Wielu właścicieli fotowoltaiki zapłaci podatek, mało kto o tym wie. Przepisy mówią jasno

Wczoraj minął termin zapłaty pierwszej raty podatku od nieruchomości za 2025 rok. Od stycznia daniną objęte są także elektrownie fotowoltaiczne. Okazuje się jednak, że tylko niektórzy będą w tym roku musieli zapłacić za posiadanie paneli. Wiemy, kto w najbliższych dniach może spać spokojnie. Oto szczegóły.
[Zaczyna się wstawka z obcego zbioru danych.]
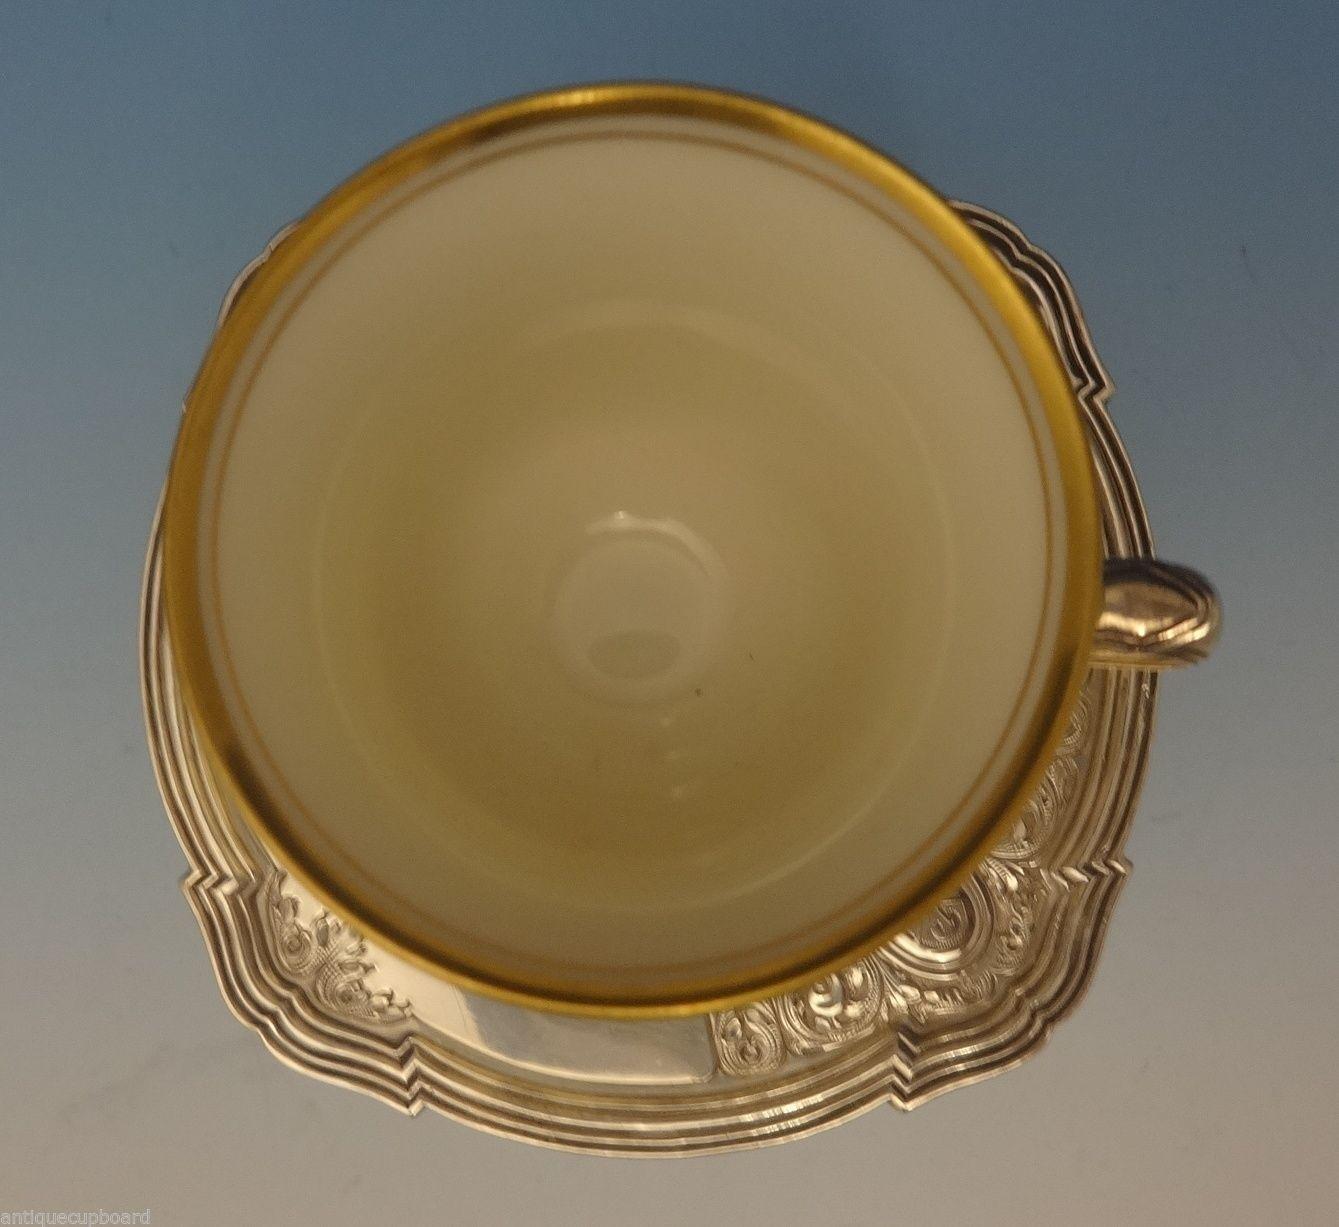 Saint Dunstan chased by Gorham sterling silver demitasse cup with saucer and liner with an R monogram. The saucer has a WKK special order mark, and the cup is a WKJ order mark. The pieces date from the 1920s. The cup with the liner measures 2 3/4

Wielkie zmiany w płaceniu podatku od nieruchomości
Podatek od nieruchomości to danina, która dotyczy wielu milionów Polaków, którzy są właścicielami gruntów, budynków czy mieszkań. Należy jednak pamiętać, że pod uwagę brane są również części budynków oraz budowle, czyli obiekty, które nie są budynkami, lub ich części związane są z prowadzeniem działalności gospodarczej. Podatek od nieruchomości płacą zwykle osoby fizyczne, osoby prawne, jednostki organizacyjne, a także spółki, które nie posiadają osobowości prawnej.
Należy pamiętać, że osoby fizyczne opłacają wspomniany podatek ratalnie. Ma to miejsce w terminach do 15 marca, 15 maja, 15 września i 15 listopada danego roku. Samą wysokość daniny ustala w specjalnej decyzji organ podatkowy właściwy ze względu na miejsce położenia przedmiotów opodatkowania. Chodzi więc o wójtów, burmistrzów oraz prezydentów miast.
W tym roku doszło jednak do zmian w przepisach ustawy o podatkach i opłatach lokalnych. Z tego powodu urządzenia techniczne, takie jak m.in. elektrownia fotowoltaiczna, są objęte daniną od nieruchomości. W związku z minioną datą pierwszej raty sprawdzamy, którzy właściciele paneli fotowoltaicznych będą musieli zapłacić. Oto szczegóły.
Dalsza część artykułu pod zdjęciem.

Czy za fotowoltaikę trzeba zapłacić podatek od nieruchomości?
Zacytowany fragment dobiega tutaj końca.